Other work in progress includes complete implementation of workspaces in the HuBMAP Data Portal, finalizing implementation of advanced metadata search and support for molecular and cellular queries. The latter function is now in production. Further-future releases may include AI-based visual exploration tools.
HIVE Tools Component, CMU
Matthew Ruffalo, Interim Contact PI of the HIVE Tools Component at Carnegie Mellon University, updated attendees on that component’s progress. The CMU Tools Component designs, develops and implements methods robust methods to analyze process and model high-throughput single-cell omics and imaging data. To date the group has implemented pipelines for all major HuBMAP data types, including single-cell RNA sequencing (scRNA-seq) data, single-cell transposase-accessible chromatin sequencing (scATAC-seq) data and CO‐Detection by indEXing (CODEX) data from multiple platforms or tissues, as well as downstream analysis of single-cell imaging data from multiple platforms Leveraging their expertise in advanced computational methods including deep learning and graphical models, imaging analysis and combinatorial optimization, in this year the group has accomplished:
Azimuth: Reference-Based Mapping of the Human Body at Single-Cell Resolution
Rahul Satija of New York University, PI of the HIVE Comprehensive Reference Map Construction, Geolocation and Data Integration Mapping Component, presented his group’s progress with the Azimuth mapping tool. Using human genome mapping as a conceptual framework, the team is using Azimuth to map data to single-cell references, enabling integration, reuse and comparison of datasets across labs and consortia. By projecting multiple datasets from HuBMAP into a consistent ontology, the collaborators intend to improve user ability to interpret datasets in an open-source, fully automated, scalable and accessible way.
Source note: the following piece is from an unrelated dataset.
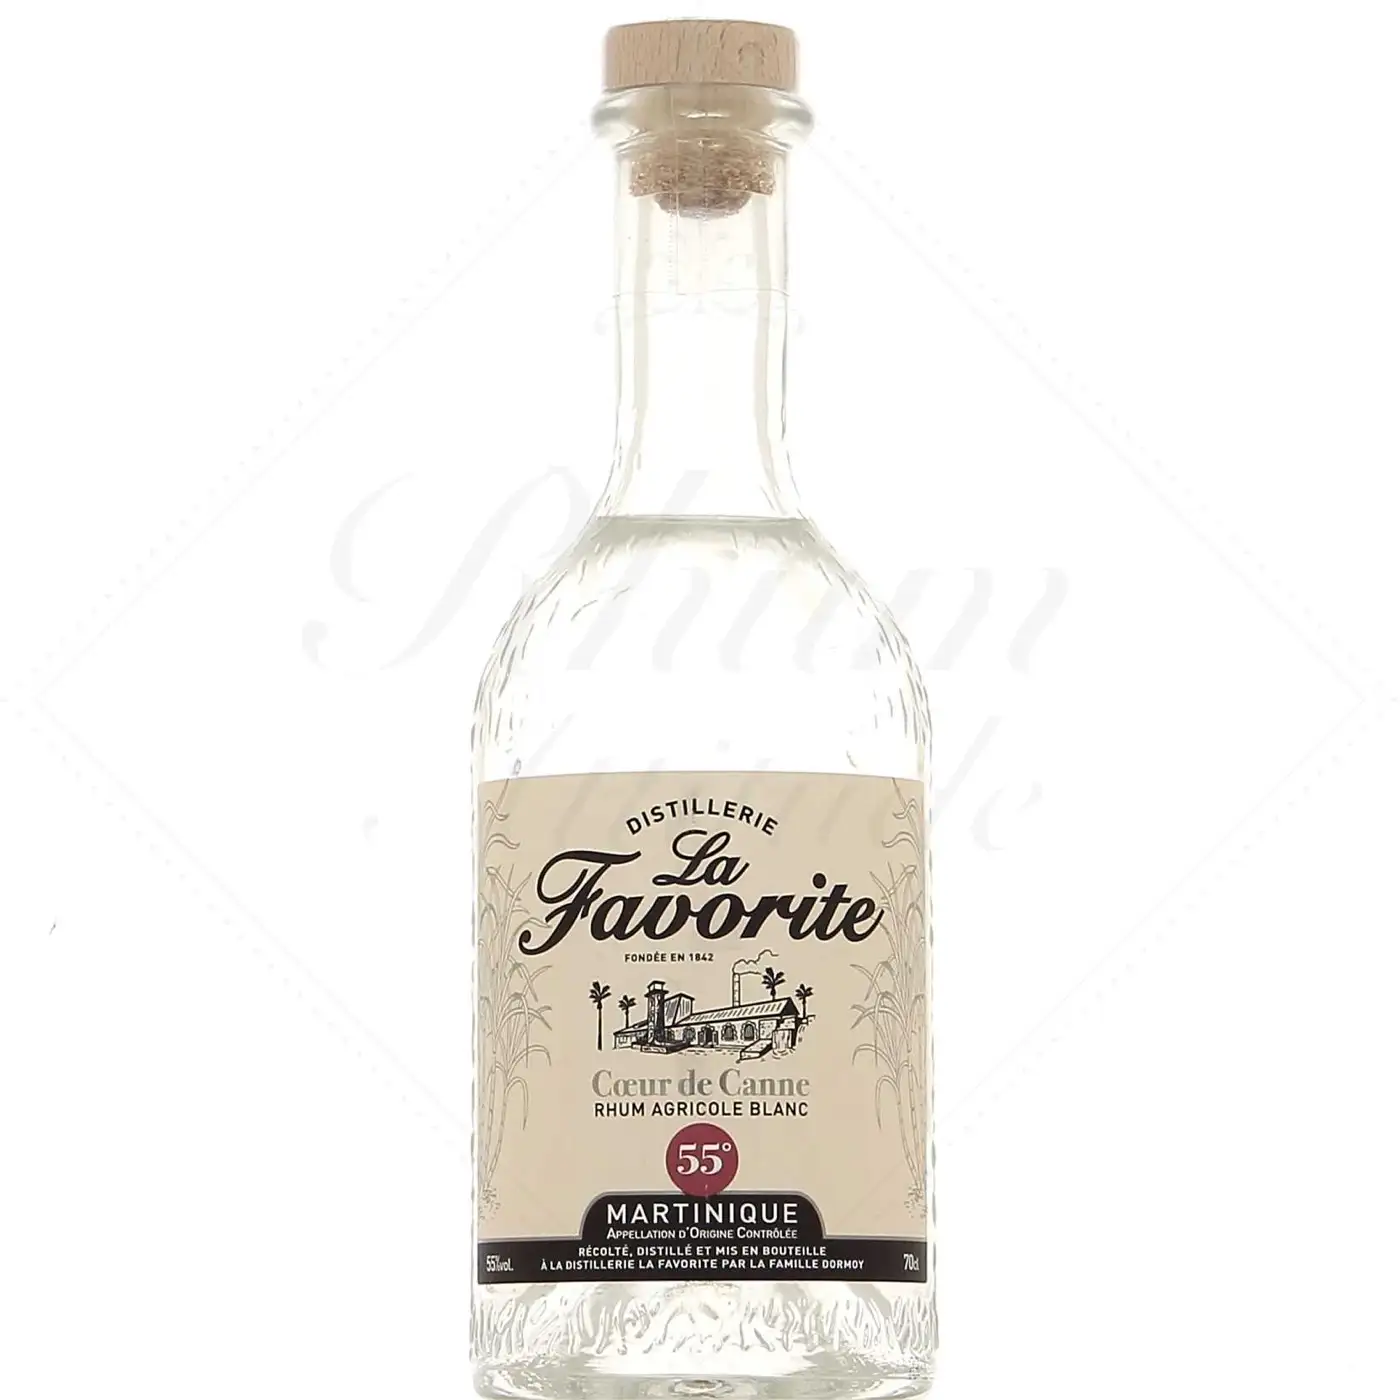 Image of the front of the bottle of the rum Coeur de Canne

To date the group has mapped 170 million cells to 10,000 datasets in eight currently available reference organs. An additional four organs are in beta testing. Azimuth has been implemented as part of the HuBMAP RNA data ingestion pipelines. The tool offers fully automated and computationally efficient mapping, improving users’ ability to annotate rare subpopulations and encouraging data standardization and comparison.
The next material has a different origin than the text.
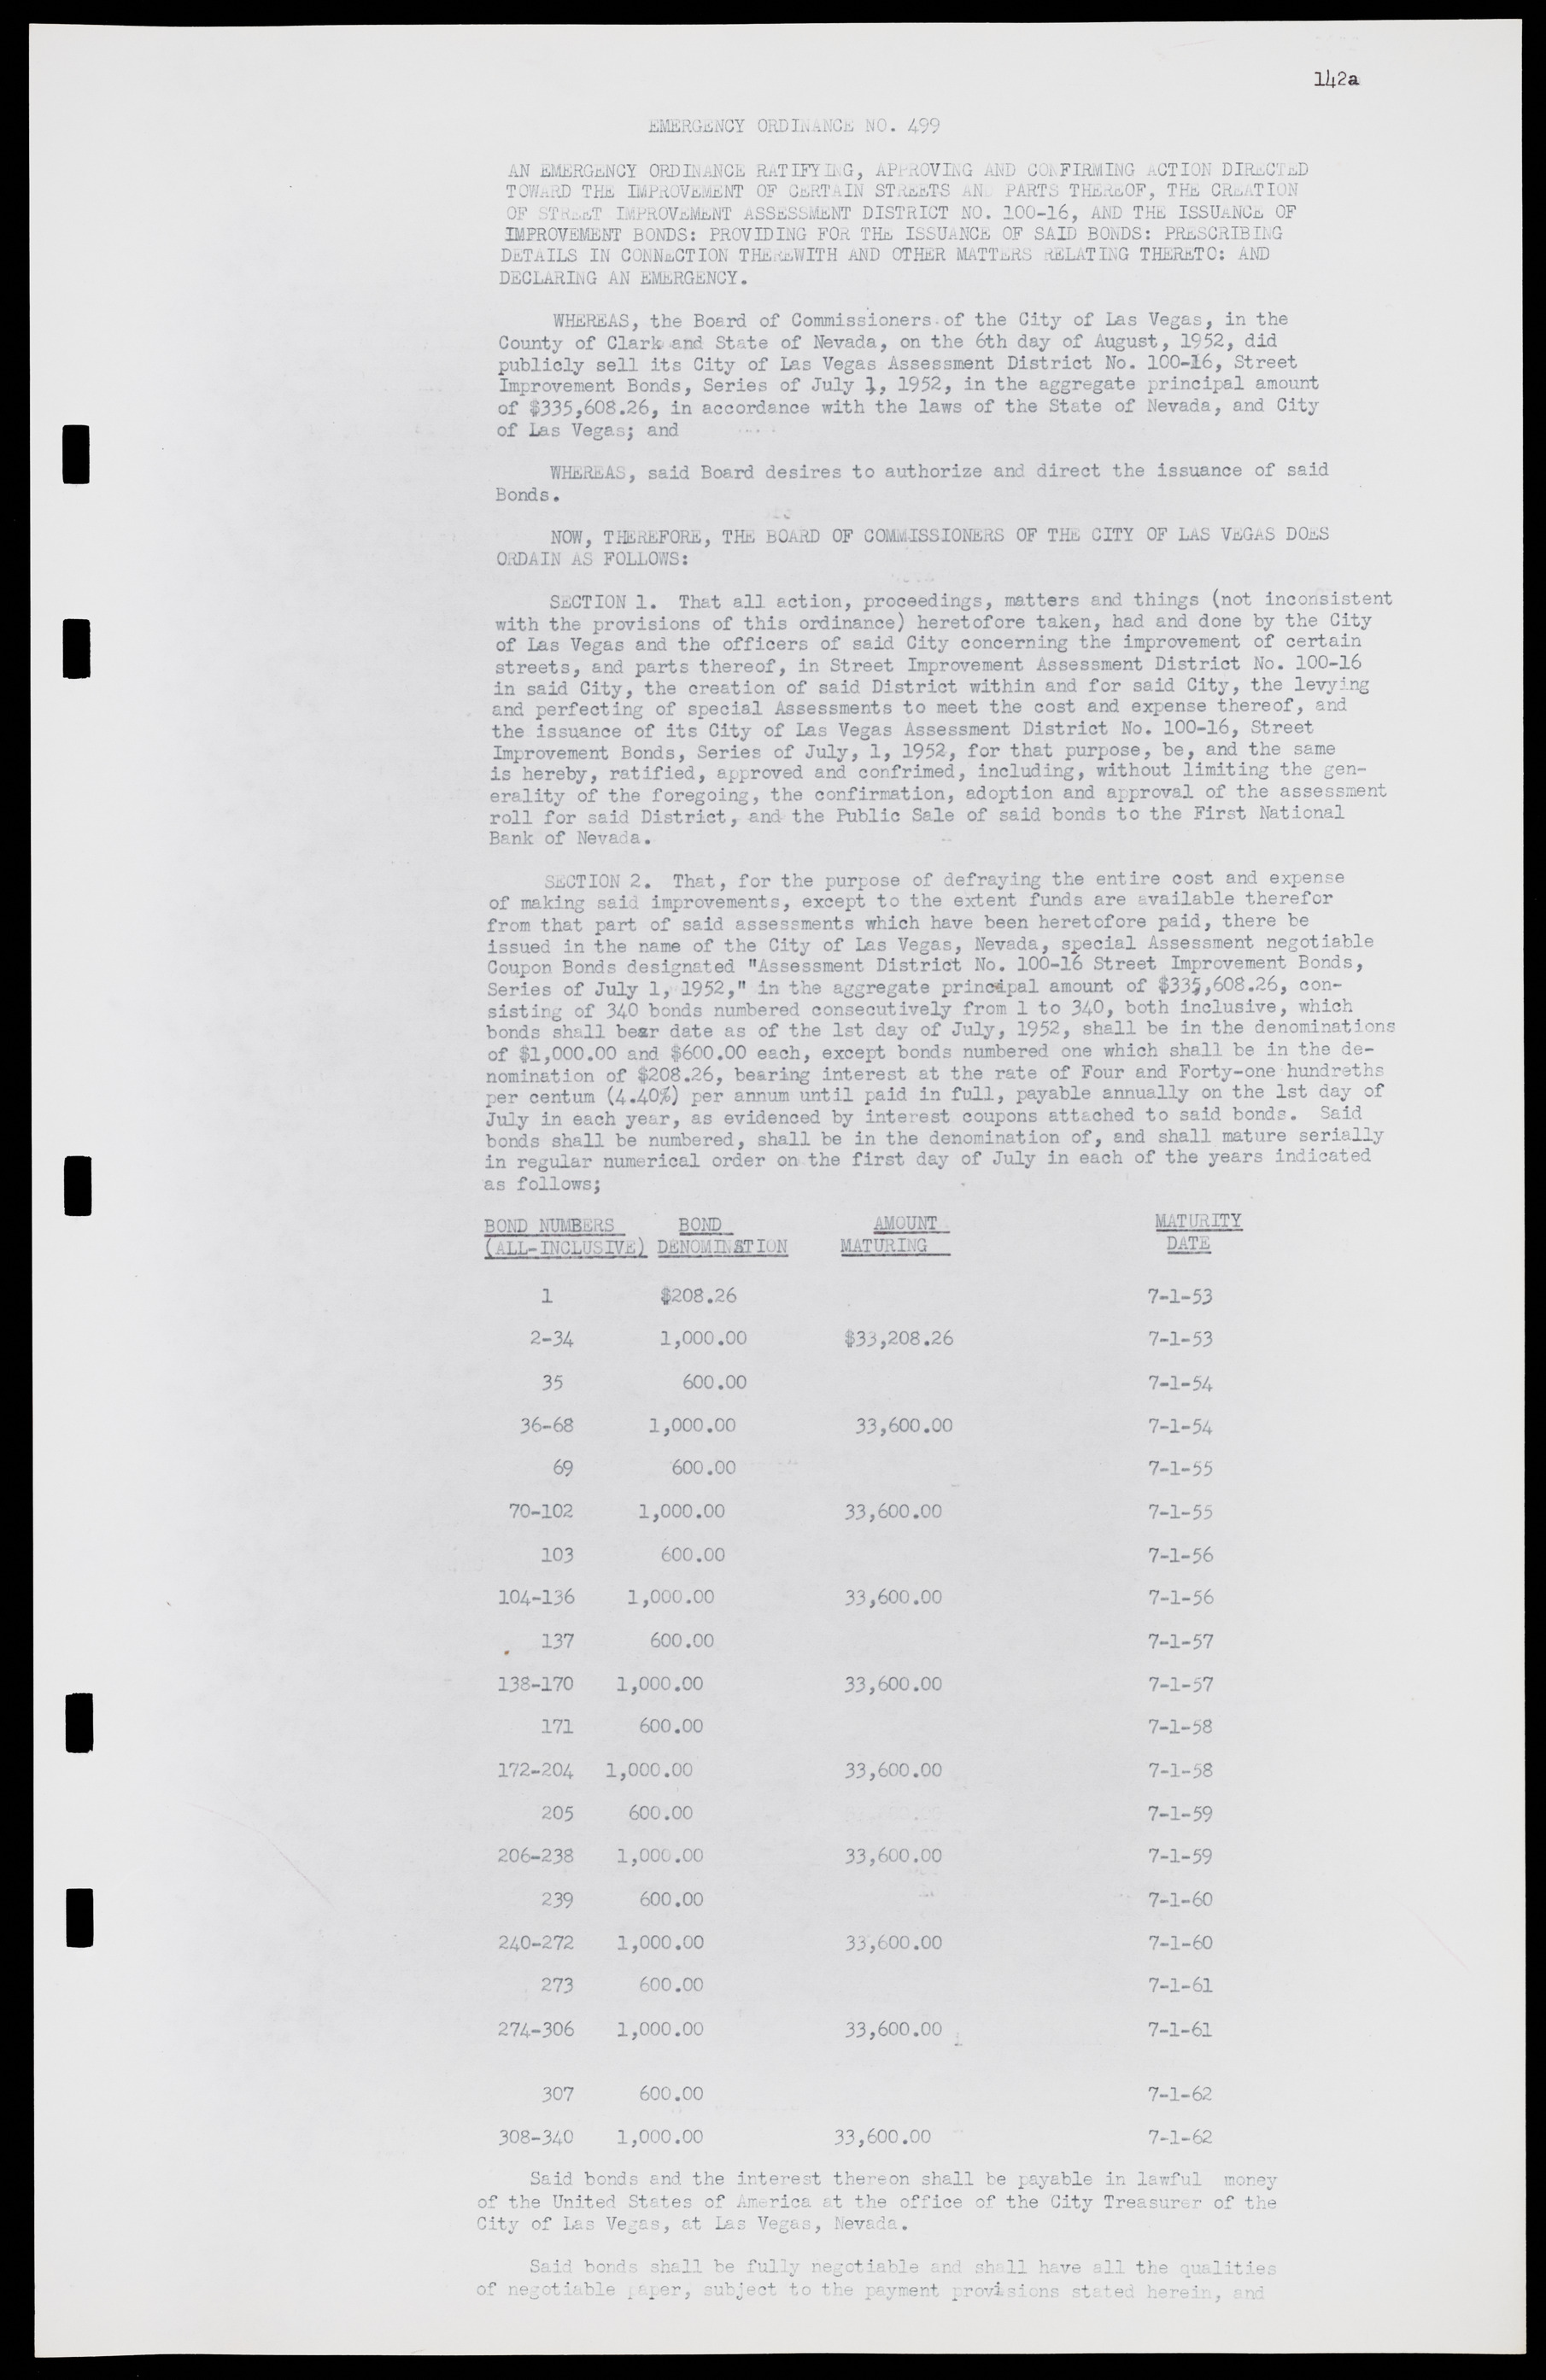 Las Vegas City Commission Minutes, May 26, 1952 to February 17, 1954, lvc000008-149

Challenges that the group intends to address include the current modality limitations of Azimuth, which currently only includes scRNA-seq data. The team will place a high priority on expanding their tools to other HuBMAP imaging modalities. A promising avenue to accomplishing this, Satija said, is Bridge Integration via Dictionary Learning. Because different modalities often measure different biological properties, a direct mapping of cell types via two modalities — Satija used the example of scRNA versus scATAC — is difficult. Their Bridge Integration uses the small subset of cell types mapped in both scRNA and scATAC as a bridge, allowing the known scRNA reference to be mapped onto the scATAC query data in a way that allows unsupervised analysis that would have previously impossible.
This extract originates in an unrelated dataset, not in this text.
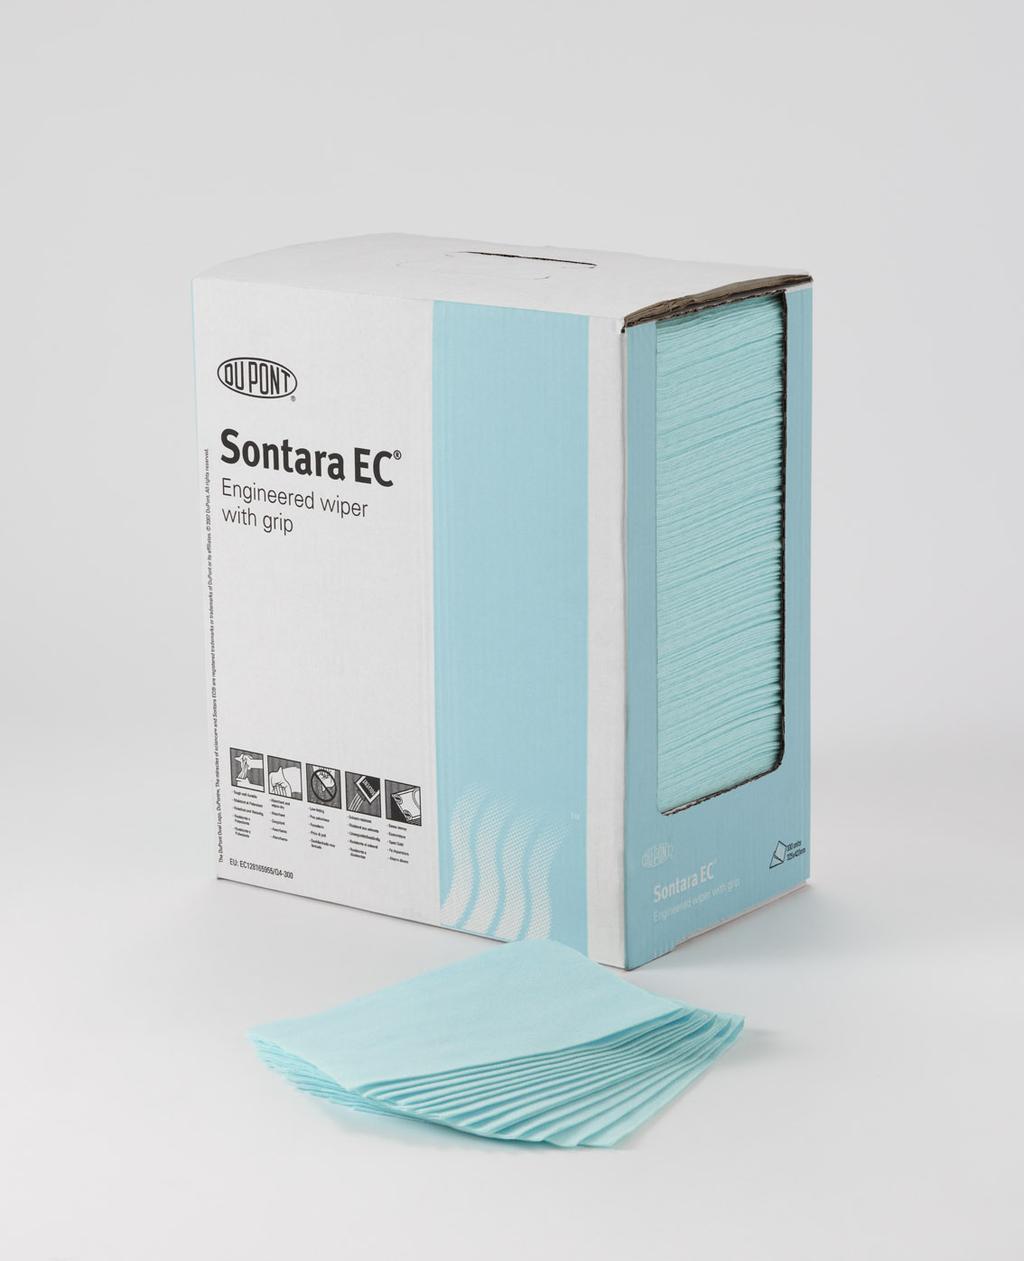 Food Contact Clearance Product code 2010 SONTARA EC - POP-UP D 1379 1230 Colour / Material Turquoise / Creped K947S Grams/m2 (gsm) 77 320mm x 420mm 250 wipes / carton 66 cartons / pallet SONTARA EC

The group’s data suggest that Bridge Integration is possible with as few as 50 cells in the bridging dataset, opening up the method in a potentially large number of modalities. Bridge Integration has demonstrated clear feasibility on roughly 1 million cells, with the potential to scale beyond 100 million. The researchers hope that the method will enable community-wide integrative analysis of all available mapping data.